SOS: Save Our (mud) Shrimps

Moving out of your parent’s house for the first time is not an easy thing to do. Especially if you move all the way across the country! But two weeks into my OSG Summer Scholars internship and I know I’m doing the right thing for myself. I’m excited to work live and in person with the animals and people that I’ve been working with for over a year. This summer I’m working on another piece of the 10+ year project trying to understand the relationship between a native burrowing mud shrimp, Upogebia pugettensis, and it’s invasive parasitic isopod, Orthione griffenis. Upogebia pugettensis populations up and down the west coast have drastically declined, with some local extinctions in California. Collapses in mud shrimp populations have been associated with infestations of Orthione and former pesticide use from oyster farmers.

Looking for juvenile mud shrimp in the lab (May 2021)

After taking a week to drive from North Georgia to the Oregon coast, I jumped right into my work duties. My lab partner, Joshua (an Oregon State REU intern), and I get the privilege of doing field and lab work this summer. Some of our field work includes trudging out onto the mudflats behind Hatfield Marine Science Center at low tides. On the mudflat, we take cores and sieve them down to collect the mud shrimp. We also get to bike out onto the fishing pier next to the Yaquina Bay Bridge after dark during high tides. On the pier, we are doing plankton tows, which are conical fine-mesh nets with a cod end that traps critters that are riding the incoming tides into the bay. Back in the lab, we sort and analyze the mud shrimp and the plankton tows. The mud shrimp are analyzed based on aspects like species, sex, carapace length, infested with Orthione, size of Orthione, and other important factors. The plankton tows get analyzed for juvenile mud shrimp (both Upogebia and Neotrypea) and Orthione cryptoniscans (one of the larval stages of Orthione).

Field sampling on the mudflat at low tide for Upogebia pugettensis (May 2021)
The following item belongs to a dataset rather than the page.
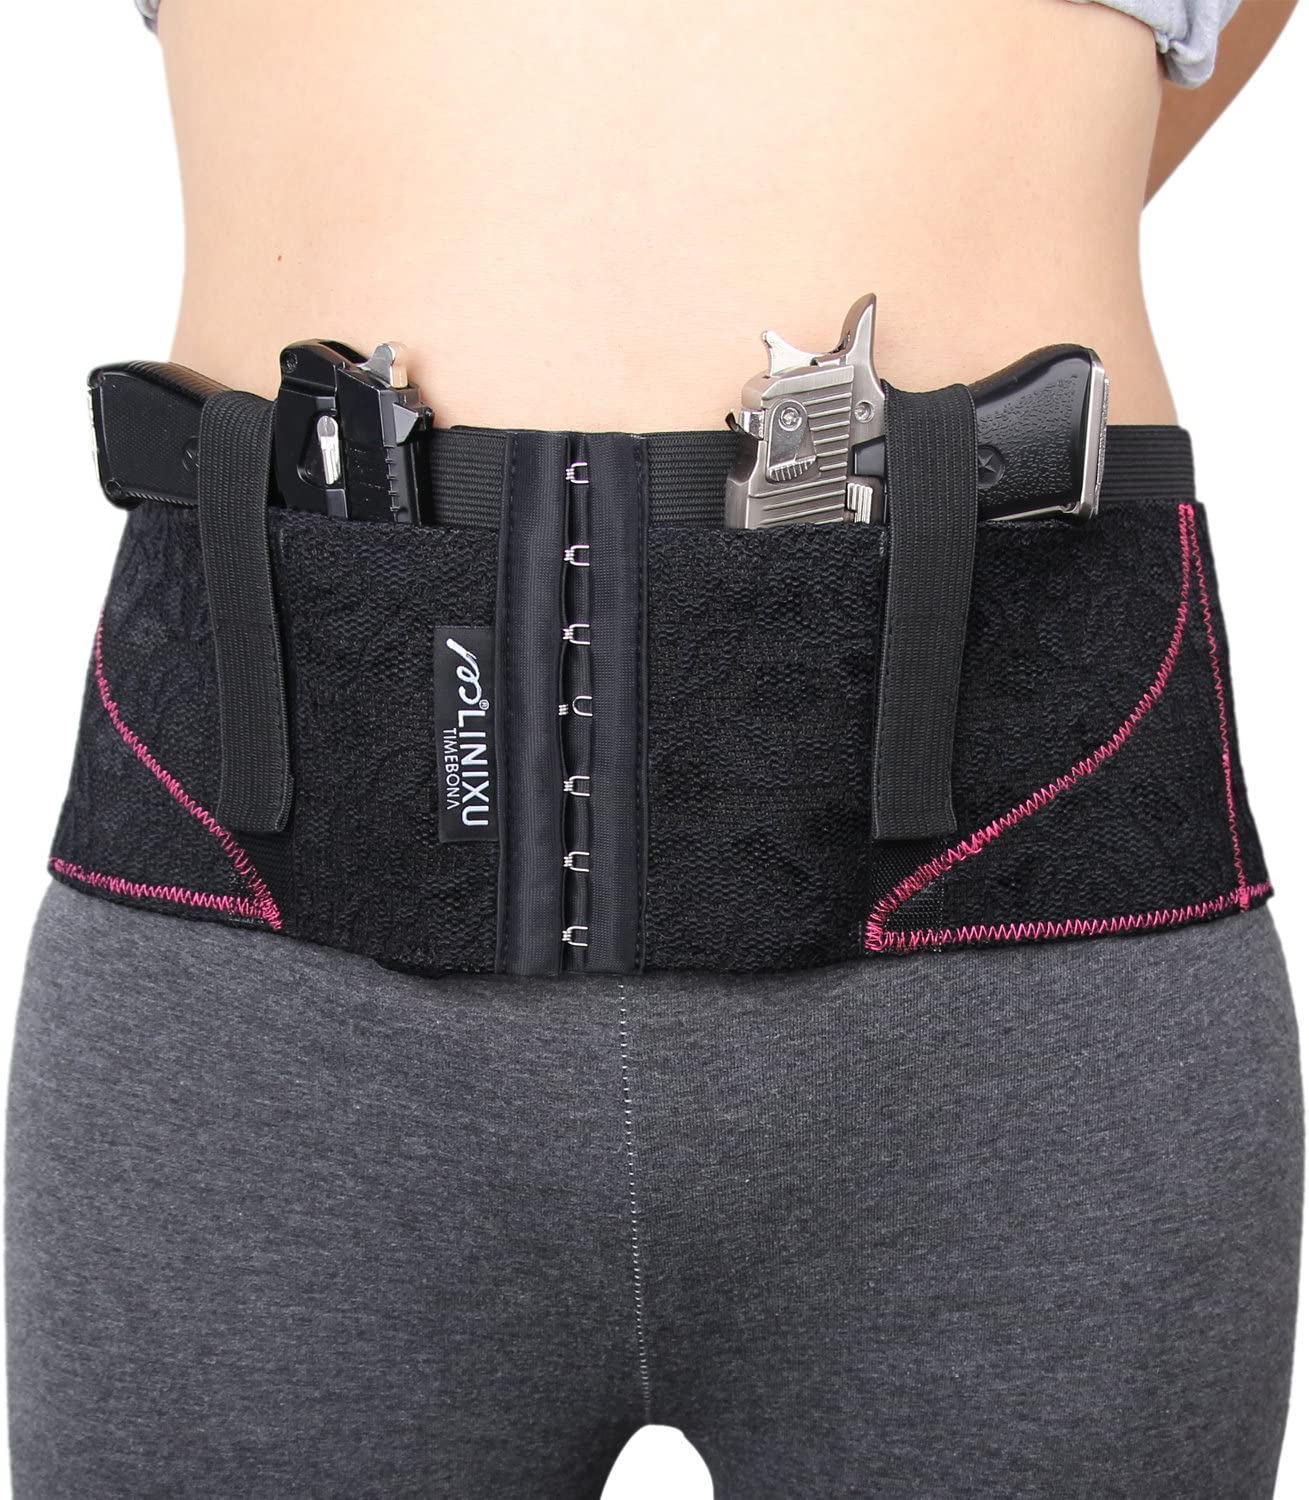 LINIXU Women's Concealed Carry Holster Hip Hugger Classic Lace

Through this project we are hoping to determine the life span and the settlement schedule of the cryptoniscans and to get large enough samples of mud shrimp to overcome sampling bias to ground truth the age/size relationship. Ultimately, accomplishing this project is putting another piece of the puzzle down into saving this mud shrimp from extinction. To do that, we need to know the relationship between the shrimp and the parasite better. That’s where my team and I come into play. With our work we can try and answer questions like: When do the shrimp become infested? Do the cryptoniscans settle on the shrimp or on other Orthione? Do cryptoniscans wait for a certain time to settle? What are they waiting for? Some kind of signal from the shrimp? Learning these answers will be one step closer to answering the big picture question “how can we turn this around or CAN we turn this around?”

Mud shrimp are native ecosystem engineers. They build permanent y-shaped burrows in the sediment that influence the estuarine benthic community by providing habitat and enhancing nutrient cycling. By saving these shrimp we are helping to advance OSG’s vision and mission to have thriving coastal communities & ecosystems. This research would also help to balance the forces of ecology and economy to inform oyster growers how to safely manage the burrowing mud shrimp populations without depleting them.